Monday, March 5, 2018

The Spy Who Slo Motion'd Me

Hypnosis may be the only way to reveal why I had 2000's Doomsdayer at the top of my Netflix queue, as I have absolutely no memory of hearing about it. Having been a Netflix DVD subscriber for 9 years or so (and yes, I remember my very first disc and it was Punisher: War Zone and really nothing has ever lived up to that moment), my list now runs a good 300+ films that aren't (yet) available via streaming. As a result of that plus beer, I simply can't be held accountable for my viewing choices at this point in life.

Quick Plot: An elite anti-terrorist organization called Protocol 23 is charged with constantly saving the world from power-hungry billionaires with spectacularly dressed henchmen. In this case, said billionaire is played by Udo Kier, and said henchman wears a spectacular red suit with a perfect bowtie.

Kier plays Max Gast, and if that's not enough for you, his wife Elizabeth is played by none other than Amazon action goddess Brigitte Nielsen. Oh, and when we first meet Max, he's smoothly poisoning his snooty investors in one of those movie-perfect corporate board meetings for daring to block his attempts at nuking the world.

Who can stop this blue-eyed tyrant? That'd be Logan, Jack Logan, a slick P23 agent not opposed to shagging his points of contact. In case you haven't guessed it by now, Doomsdayer is a sort of Asylum Studio adaptation of James Bond, only with more slow motion, less name actors, and a glaring lack of a theme song.

Let's get to the first point first: by my estimation, the original cut of Doomsdayer probably ran a brisk 37 minutes. Director Michael J. Sarna comes from a stunt background, and I'm guessing his respect for the craft led him to stretch every crash, fight, or reaction shot to its max, thus padding out the running time.

If one were to make a drinking game of how much slow motion was used in this film, one would be dead.

There are more shots of slow motion in Doomsdayer than there are white men in Congress.

There are more shots of slow motion in Doomsdayer than there are steroids in Russian locker rooms.

There are more shots of slow motion in Doomsdayer than there are chains in Chain Letter.

It is that kind of movie, and I am not complaining.

Our Q-esque character is introduced walking away from an explosion set off behind him without reacting (in slow motion, of course), because you know, that's how things work here. Max regularly has his minions tortured (aka "reassigned") but also displays genuine remorse for the millions of civilians he'll be nuking in the name of a new world. Even better, he truly loves Elizabeth and cares for his right hand man. It adds a nice layer of depth amid half-priced double entendres and martini jokes.
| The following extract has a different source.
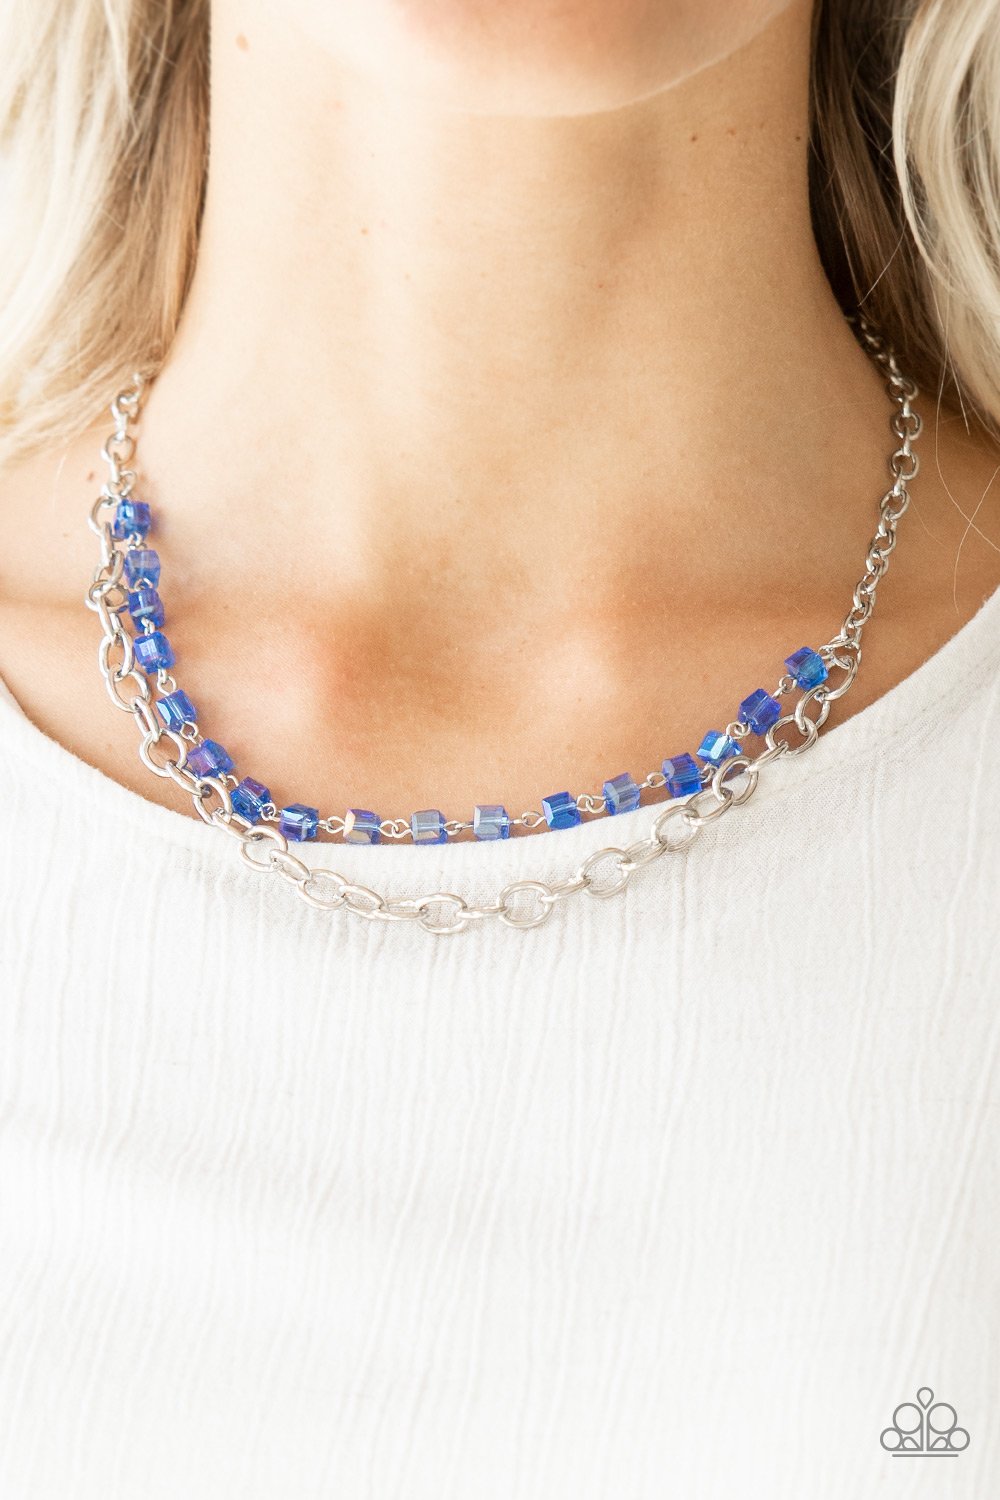 Block Party Princess - blue - Paparazzi necklace

All of it...yes all of it, in complete slow motion.

High Points
Udo Kier is and has always been a gift to terrible movies, and that fact is no different here

Low Points
How great would a terrible attempt at a Bond-esque theme song been?

Lessons Learned
Never reveal how happy and content you are with your life and marriage out loud, unless being kidnapped and forced to build a doomsday device was on your list of things to do

Doomsdayer came to via Netflix's DVD queue, so it's probably not the easiest to track down. While I wouldn't recommend anyone other than slow motion fetishists invest much work into finding it, I certainly had a good time in a ridiculous, extremely slow motion way.